Suara Sumbang Di Masa Transisi Kekuasaan: Aib Politik Dinasti atau Ilusi Demokrasi?

Suara Sumbang Di Masa Transisi Kekuasaan: Aib Politik Dinasti atau Ilusi Demokrasi?

MAHADALYJAKARTA.COM – Dalam konsep kesejarahan, pada pemerintahan terdapat proses transisi kepemimpinan dan fase peralihan estafet kewenangan terhadap takhta kekuasaan maka pasti akan diadakan suatu perayaan pesta rakyat secara periodik yang bersumber dari sistem sosial adaptif dan hal ini juga merupakan bentuk konsekuensi di tengah proses kelahiran kesadaran akan maslahat bersama. Pada saat ini, perayaan itu dikenal dengan istilah pemilu atau pemilihan umum. Hal ini dimaksudkan untuk mencegah kekosongan kepemimpinan yang dapat memicu pergolakan terhadap keamanan dan kestabilan wilayah. Namun banyak yang mempertanyakan sistem sosial mana yang paling efisien dan relevan diimplementasikan oleh setiap individu rakyat untuk menjaga keutuhan bangsa itu sendiri? Dari sekian banyaknya sistem sosial, maka sistem yang mana yang layak dan sesuai untuk dijadikan acuan baku untuk melanjutkan kemajuan dan perkembangan atau menyempurnakan kekurangan program oleh otoritas lembaga terdahulu yang pernah ada?

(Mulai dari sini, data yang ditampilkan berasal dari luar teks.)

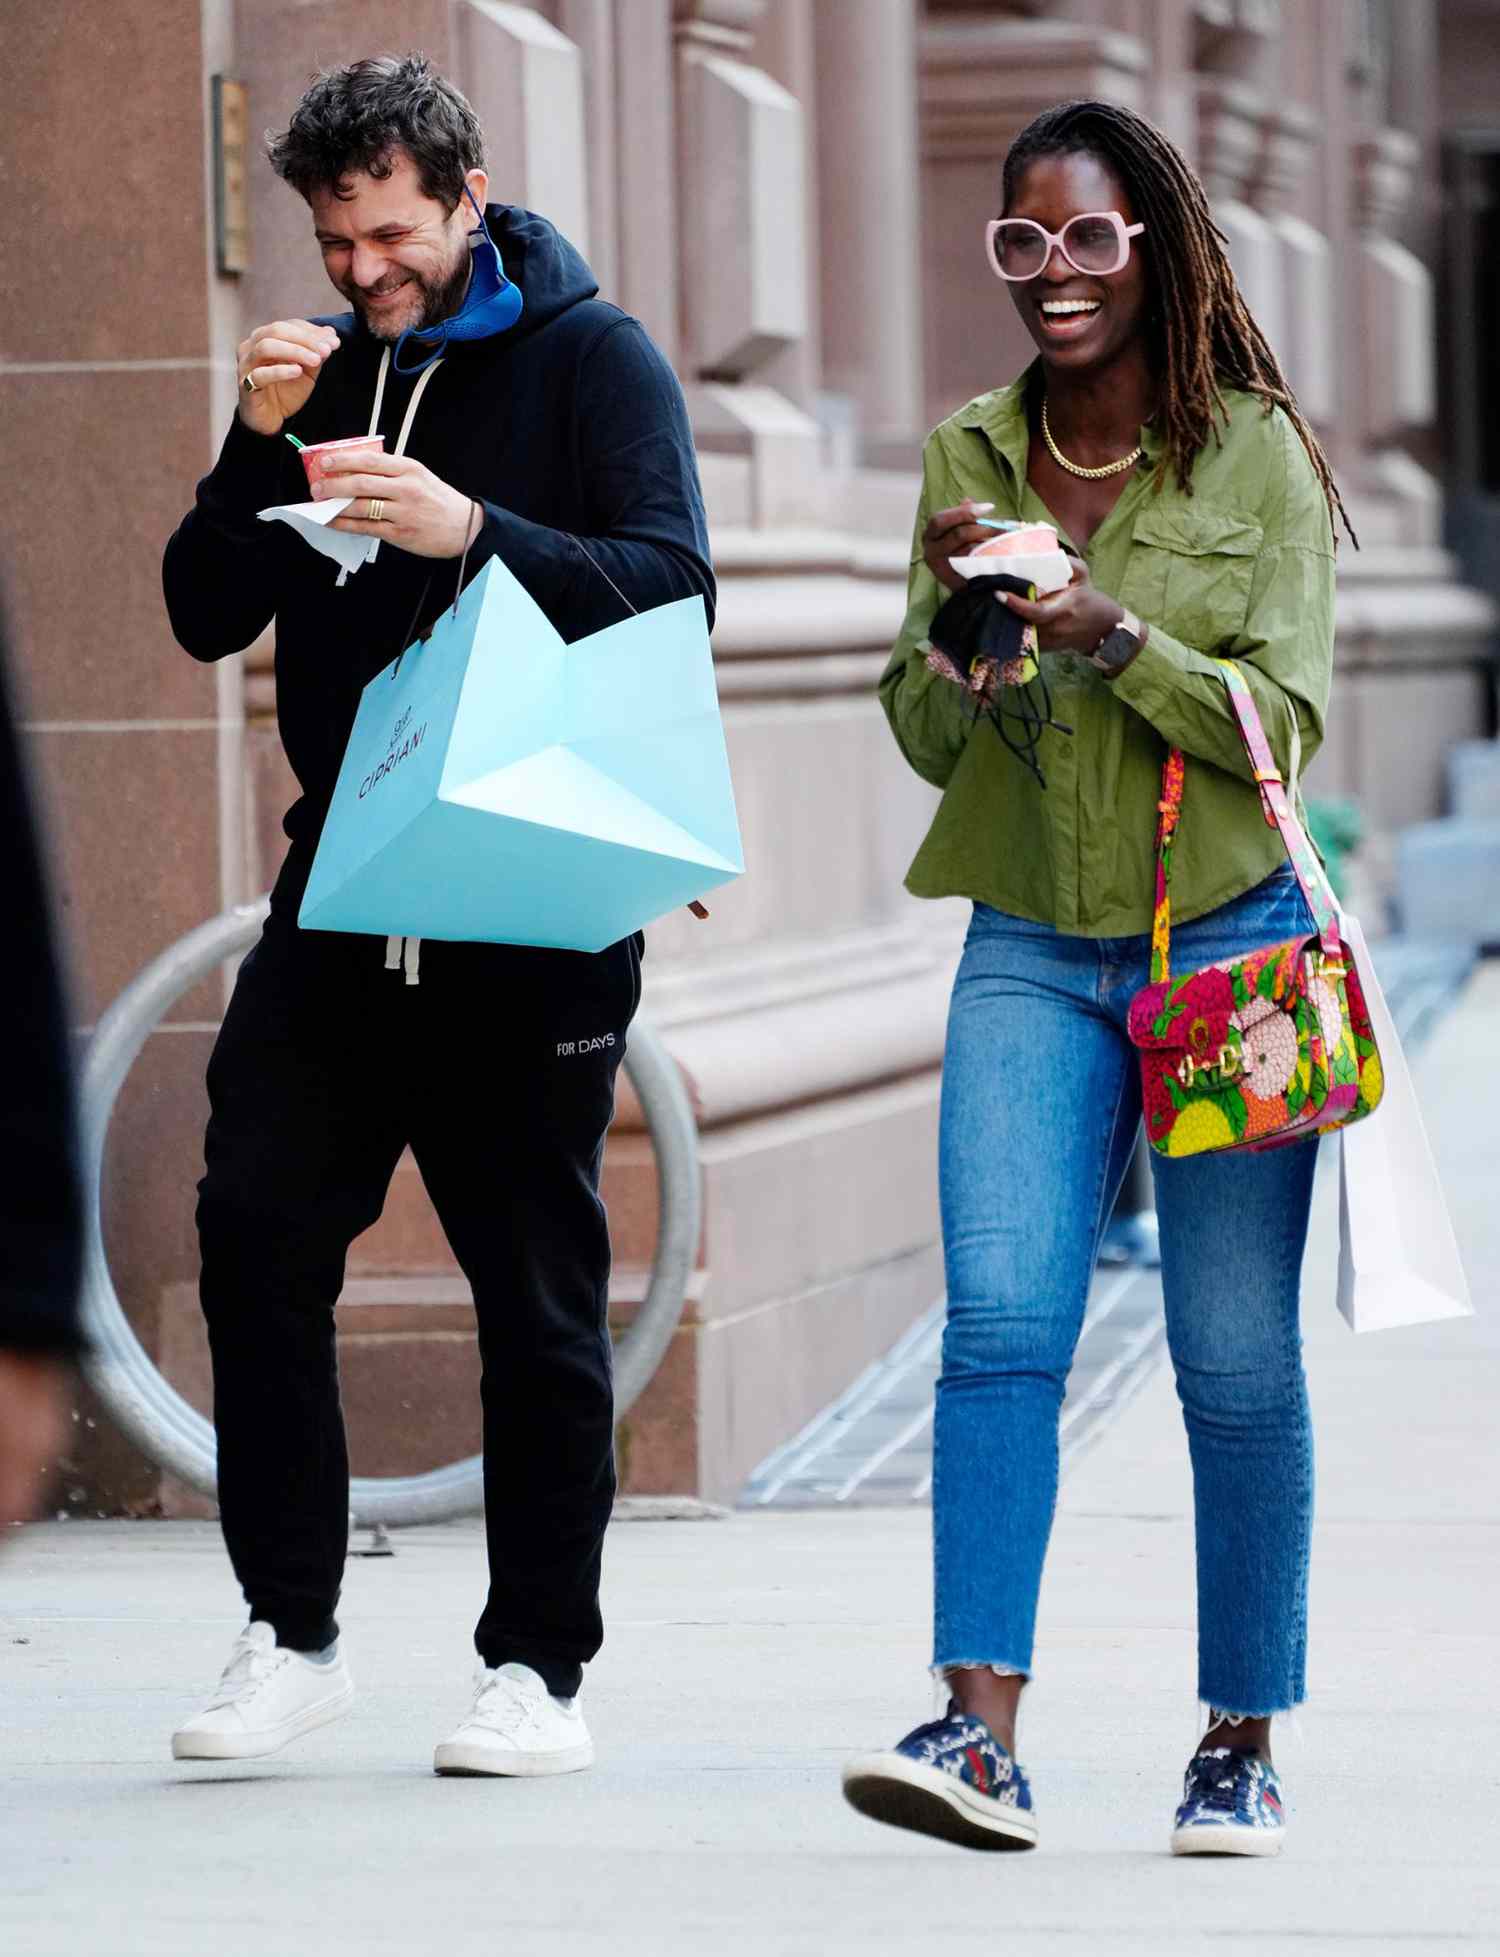 Joshua Jackson and Jodie Turner-Smith are seen laughing and walking in Soho on April 05, 2021 in New York City

Maka jawabannya adalah Tidak ada. Tidak ada sistem baku yang bisa dijadikan sebagai acuan konkret yang dapat memberikan garansi jaminan atas keberlangsungan pengembangan dan kemajuan hasil dari suatu proses pelaksanaan program generasi terdahulu karena banyak dari ragam tersebut yang awalnya tidak memiliki istilah dan tidak pernah diberi nama. Serta juga karakter kultur masyarakat yang dinamis dewasa ini menuntut toleransi, modernisasi, pengembangan simultan, serta penyegaran teknis yang berkala. Walhasil, kekakuan dan kebakuan sistem hanya akan melukai konsep dan pelaksana konsep itu sendiri.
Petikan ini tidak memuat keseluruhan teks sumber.